■ **WHAT YOU WILL DO**
With the images removed, transcribe the listing that follows exactly.

■ **COLLECTED MATERIAL**

[Start of section]

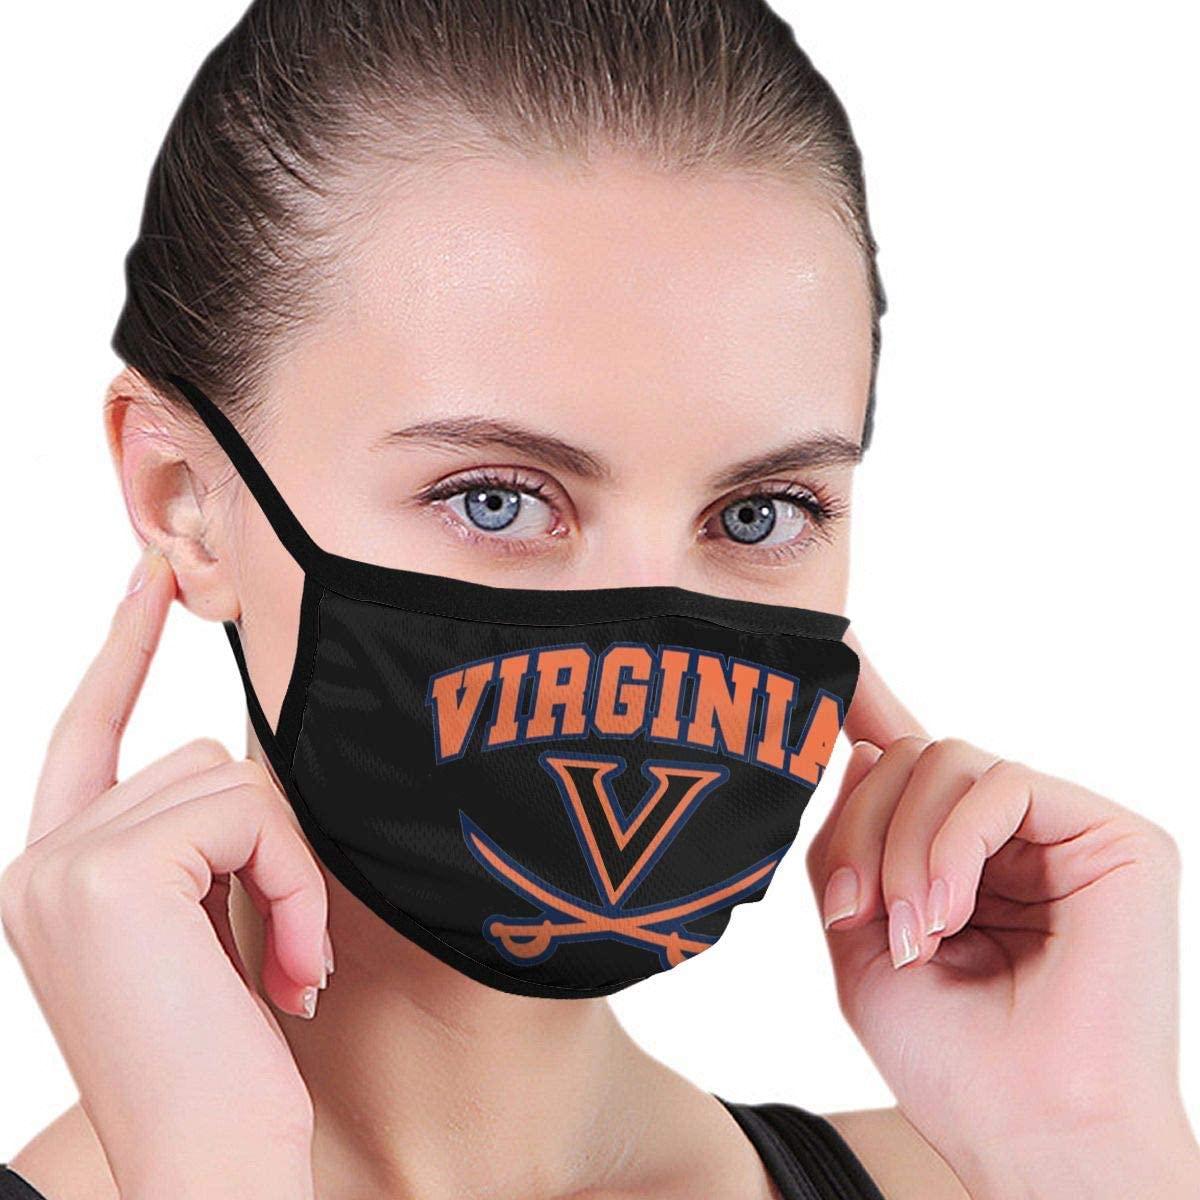 Uva Cavalier Outdoor Dy Decorative Face Protection Face Cover Bandana Gaiter Balaclava Scarf Headwear
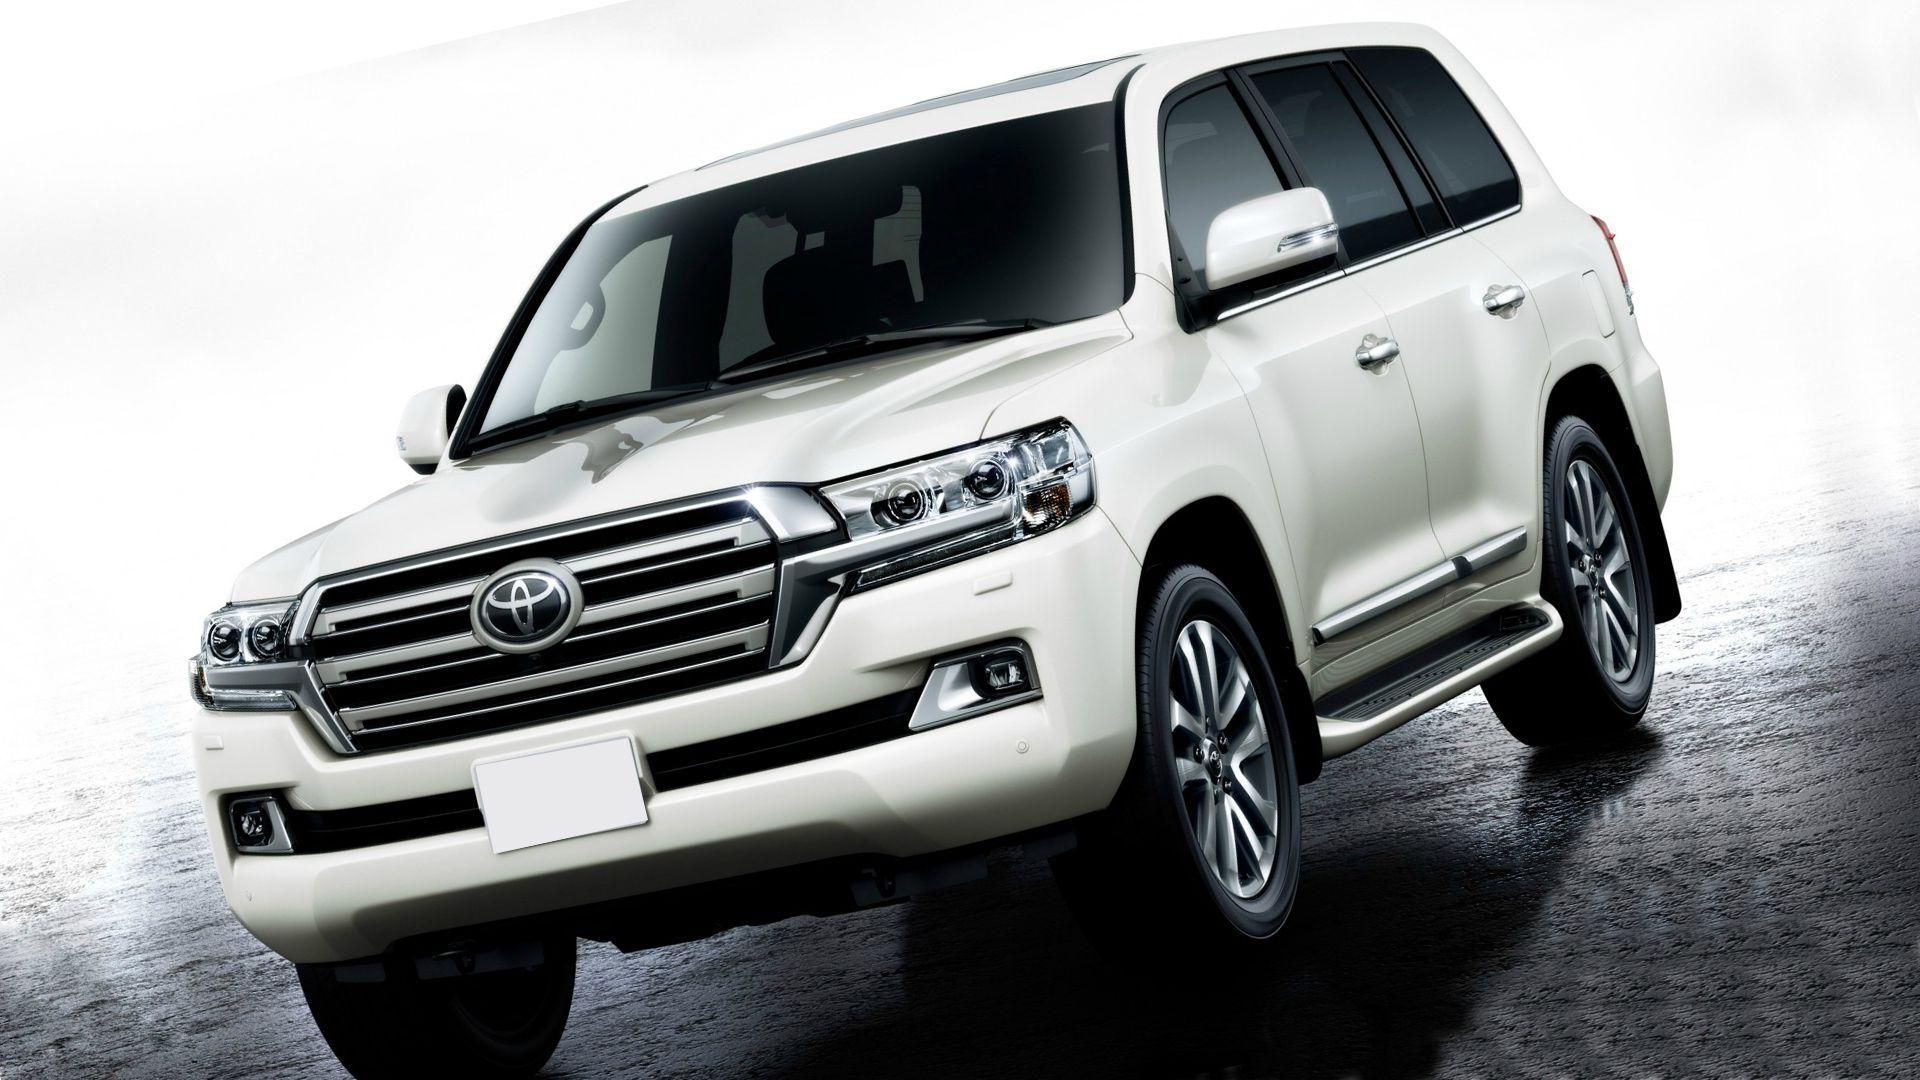 New 2019 Toyota Land Cruiser 200 Price Toyota Land Cruiser Toyota Land Cruiser Diesel Land Cruiser
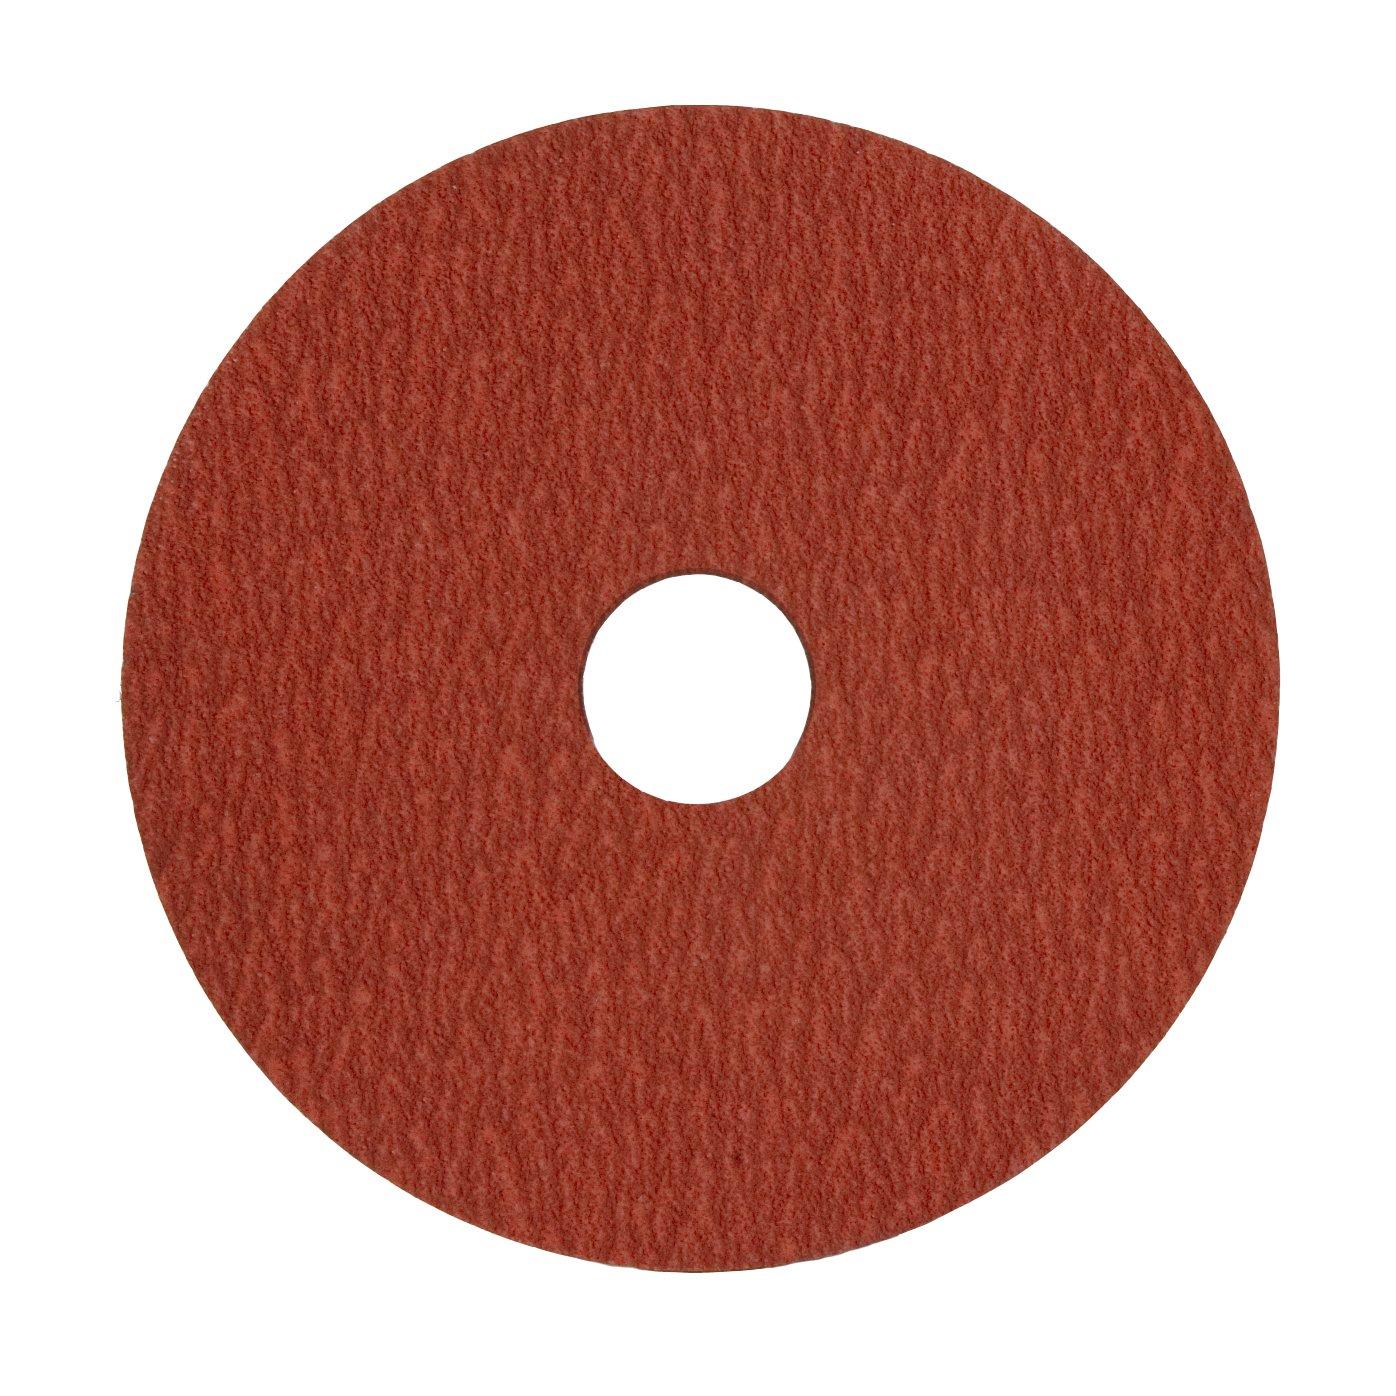 VSM 149556 Resin Fiber Disc, Red, Medium Grade, Fiber Backing, Ceramic Plus, 120 Grit, 5'' X 7/8'' Arbor Hole, Pack of 50

[End of section]

■ **WORKED SOLUTION**
 Uva Cavalier Outdoor Dy Decorative Face Protection Face Cover Bandana Gaiter Balaclava Scarf Headwear
 New 2019 Toyota Land Cruiser 200 Price Toyota Land Cruiser Toyota Land Cruiser Diesel Land Cruiser
 VSM 149556 Resin Fiber Disc, Red, Medium Grade, Fiber Backing, Ceramic Plus, 120 Grit, 5'' X 7/8'' Arbor Hole, Pack of 50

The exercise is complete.